Don't get me wrong, I don't like this ESB, I find it messy, confusing and incapable to achieve minimal industrial requirements -- WSO2 Api Manager is a pretty good product, though. This section isn't an apology, merely some tips for those unfortunates who would have or had, like myself, to deal with this product.
When dealing with WSO2 ESB projects, you have to be especially careful with headers, for a lot of sensitive data might leak through them. Let's take an example. Here we have a typical usage of the ESB: expose a REST API to interface some services with a legacy SOAP back-end after some mapping.
| ==========> | | ===========> |
Client | | ESB | | SOAP backend
| <========== | | <=========== |
The backend access is protected with a Basic
authentication. Basically, it requires to add Base64(name_or_the_user:his_password)
to the Authorization
header; like so:
<api context="/constructionSite"
name="crm4sap-constructionSiteApi"
statistics="enable"
trace="enable"
xmlns="http://ws.apache.org/ns/synapse">
<resource faultSequence="crm4sap-errors" methods="POST">
<inSequence>
<sequence key="crm4sap-readEnvVars"/>
<datamapper config="gov:datamapper/map-constructionSite.dmc"
inputSchema="gov:datamapper/map-constructionSite_inputSchema.json"
inputType="JSON"
outputSchema="gov:datamapper/map-constructionSite_outputSchema.json"
outputType="XML"
xsltStyleSheet="gov:datamapper/map-constructionSite_xsltStyleSheet.xml"/>
<log level="full"/>
<header description="Authorization"
expression="fn:concat('Basic ', base64Encode(fn:concat($ctx:sap_user,':',$ctx:sap_password)))"
name="Authorization"
scope="transport"/>
<send>
<endpoint key="gov:endpoints/sap_constructionSite.xml"/>
</send>
</inSequence>
<outSequence>
<property name="messageType" scope="axis2" type="STRING" value="application/json"/>
<respond/>
</outSequence>
</resource>
</api>
Now, let's have a look at the answer
curl -X POST "http://127.0.0.1:8280/constructionSite" --data @env_dev/inputs/input_rsa1.json \
-H "Content-Type: application/json" -v
Note: Unnecessary use of -X or --request, POST is already inferred.
Trying 127.0.0.1...
TCP_NODELAY set
Connected to 127.0.0.1 (127.0.0.1) port 8280 (#0)

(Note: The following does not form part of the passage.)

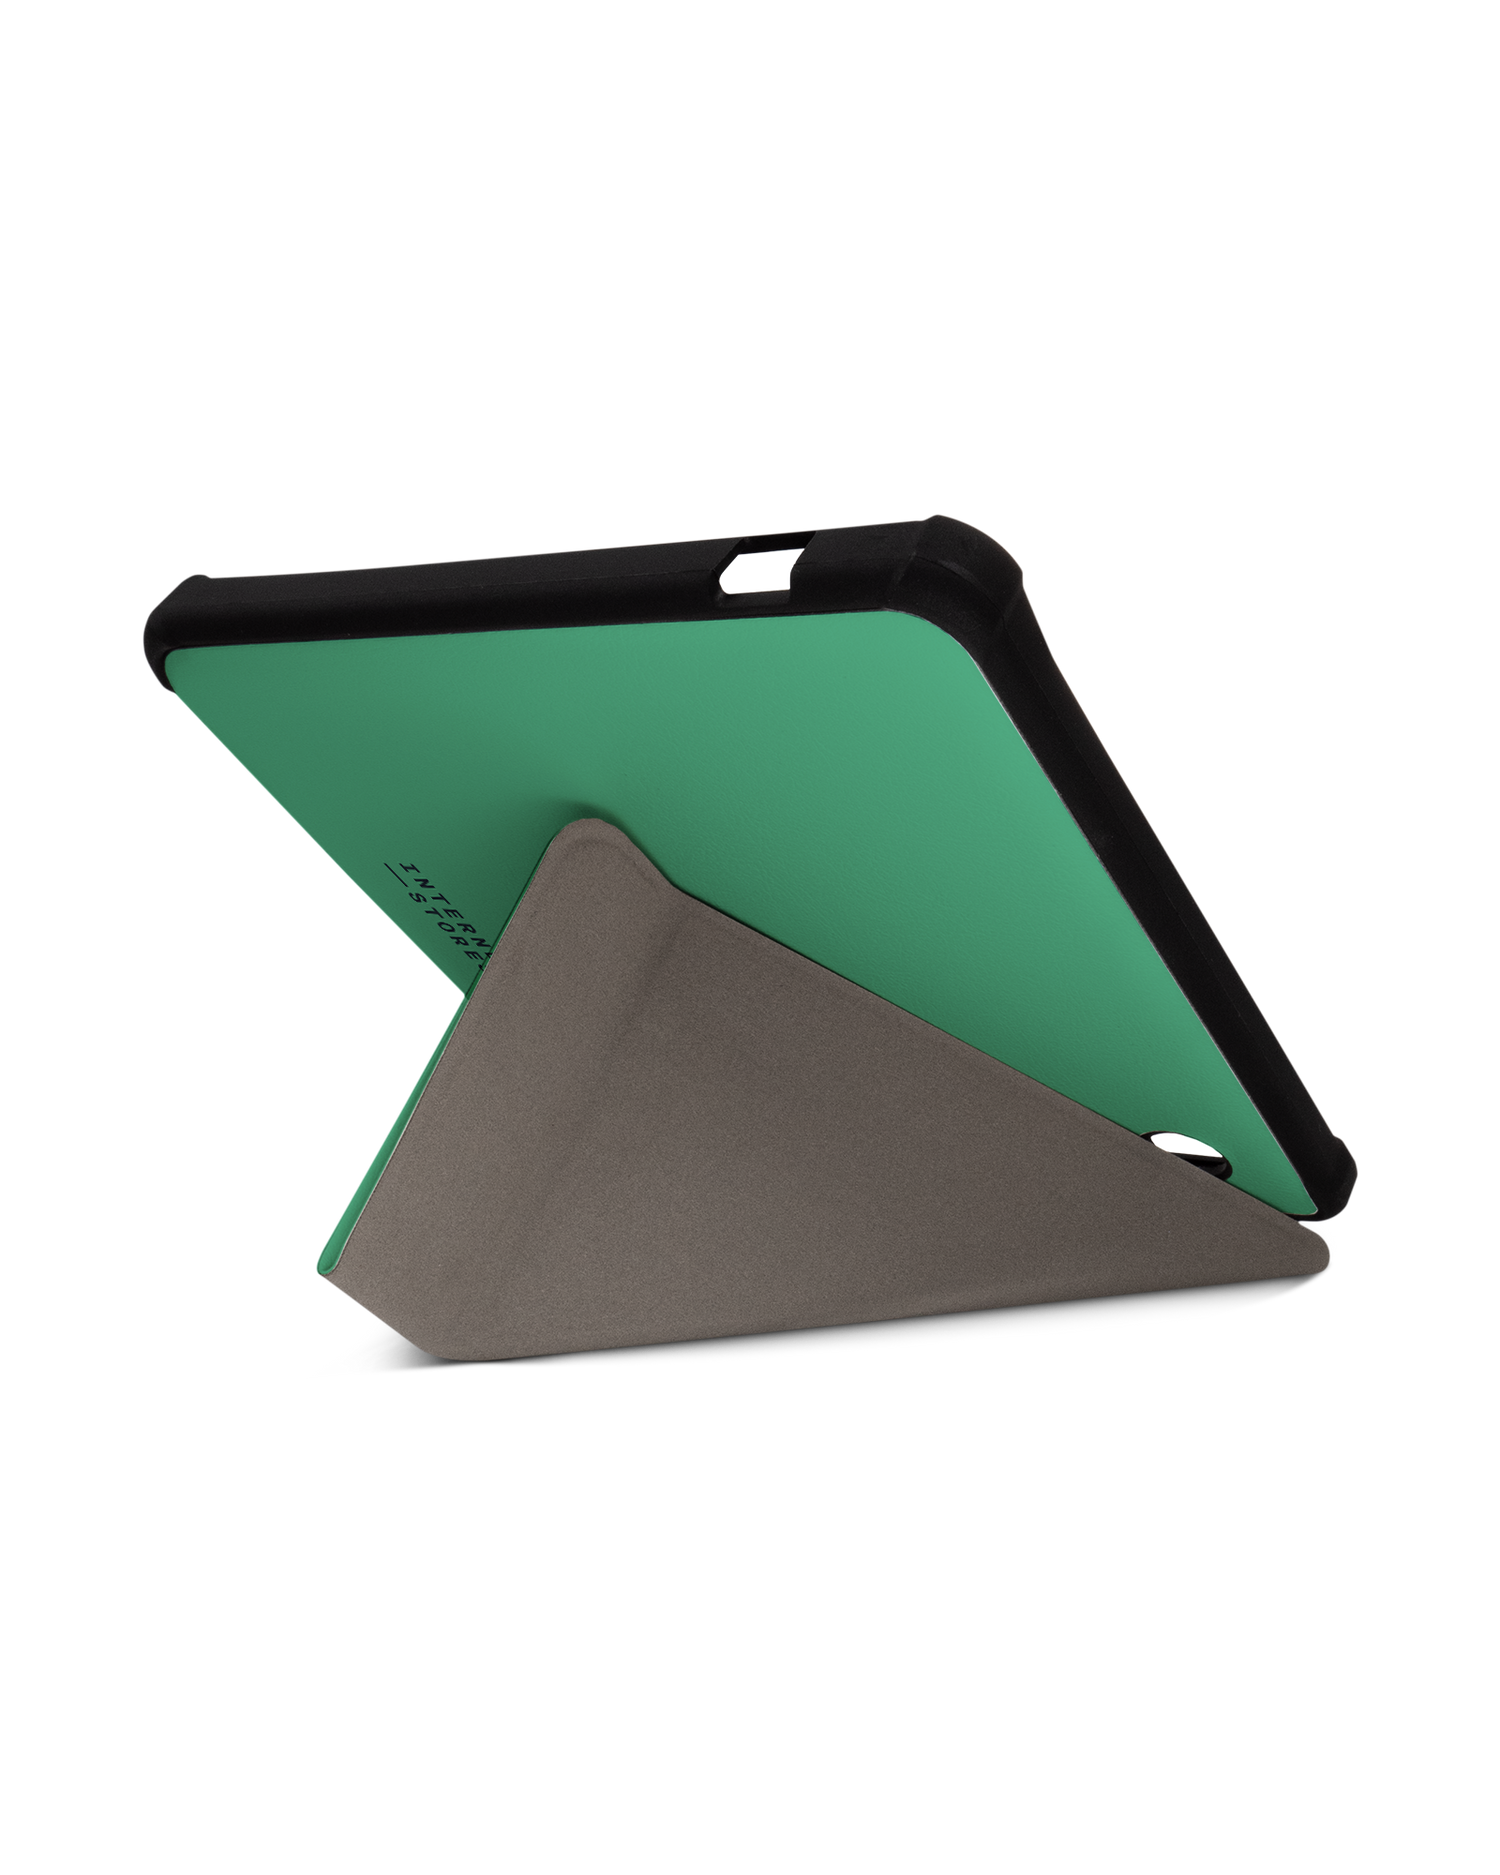 ISG Neon Green eBook-Reader Smart Case für tolino vision 5 (2019): Aufgestellt im Querformat
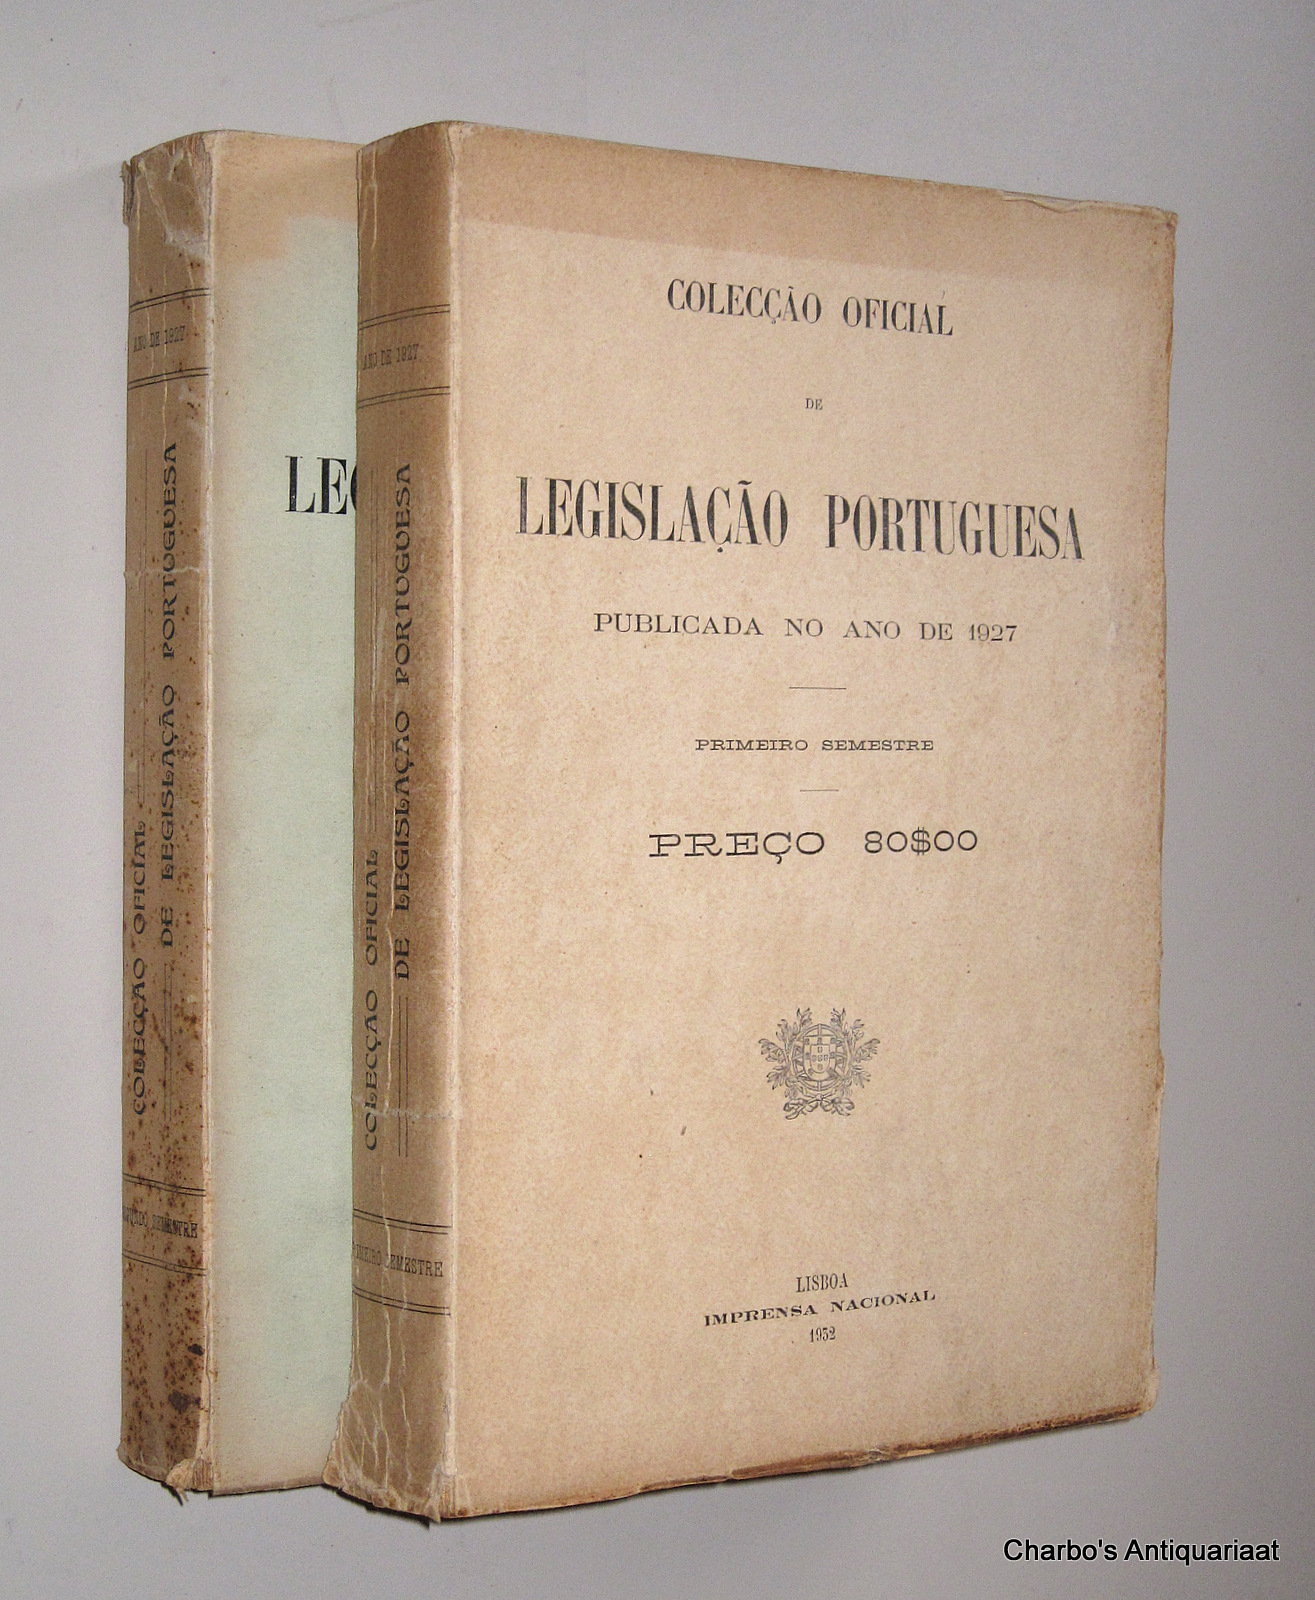 N/A, -  Coleco oficial de legislao portuguesa, publicada no ano de 1927. Primeiro & segundo semestre.

POST /constructionSite HTTP/1.1
Host: 127.0.0.1:8280
User-Agent: curl/7.55.1
Accept: */*
Content-Type: application/json
Content-Length: 1306
Expect: 100-continue
HTTP/1.1 100 Continue
We are completely uploaded and fine
HTTP/1.1 200 OK
Authorization: Basic YnRjaF9jcm06c29tZV9wYXNzd29yZA== # DANGER ZONE
activityid: 8370fee1-6189-400e-a28e-2c29bfbd654e
Accept: */*
Expect: 100-continue
Host: 127.0.0.1:8280
Content-Type: application/json; charset=UTF-8
Date: Fri, 05 Jun 2020 08:40:52 GMT
Transfer-Encoding: chunked
{"response":"some response"}* Connection #0 to host 127.0.0.1 left intact
As you can see, headers of the request send to the back-end are implicitly inherited by the out sequence
. This is how we end up with the back-end credentials in the Authorization
This sucks! Unfortunately, you explicitly have to remove those headers before sending anything back to the client (same goes with transport.vfs
variables that can be even more tricky), like so
<api context="/constructionSite"
name="crm4sap-constructionSiteApi"
statistics="enable"
trace="enable"
xmlns="http://ws.apache.org/ns/synapse">
<resource faultSequence="crm4sap-errors" methods="POST">
<inSequence>
<sequence key="crm4sap-readEnvVars"/>
<log level="full"/>
<datamapper config="gov:datamapper/map-constructionSite.dmc"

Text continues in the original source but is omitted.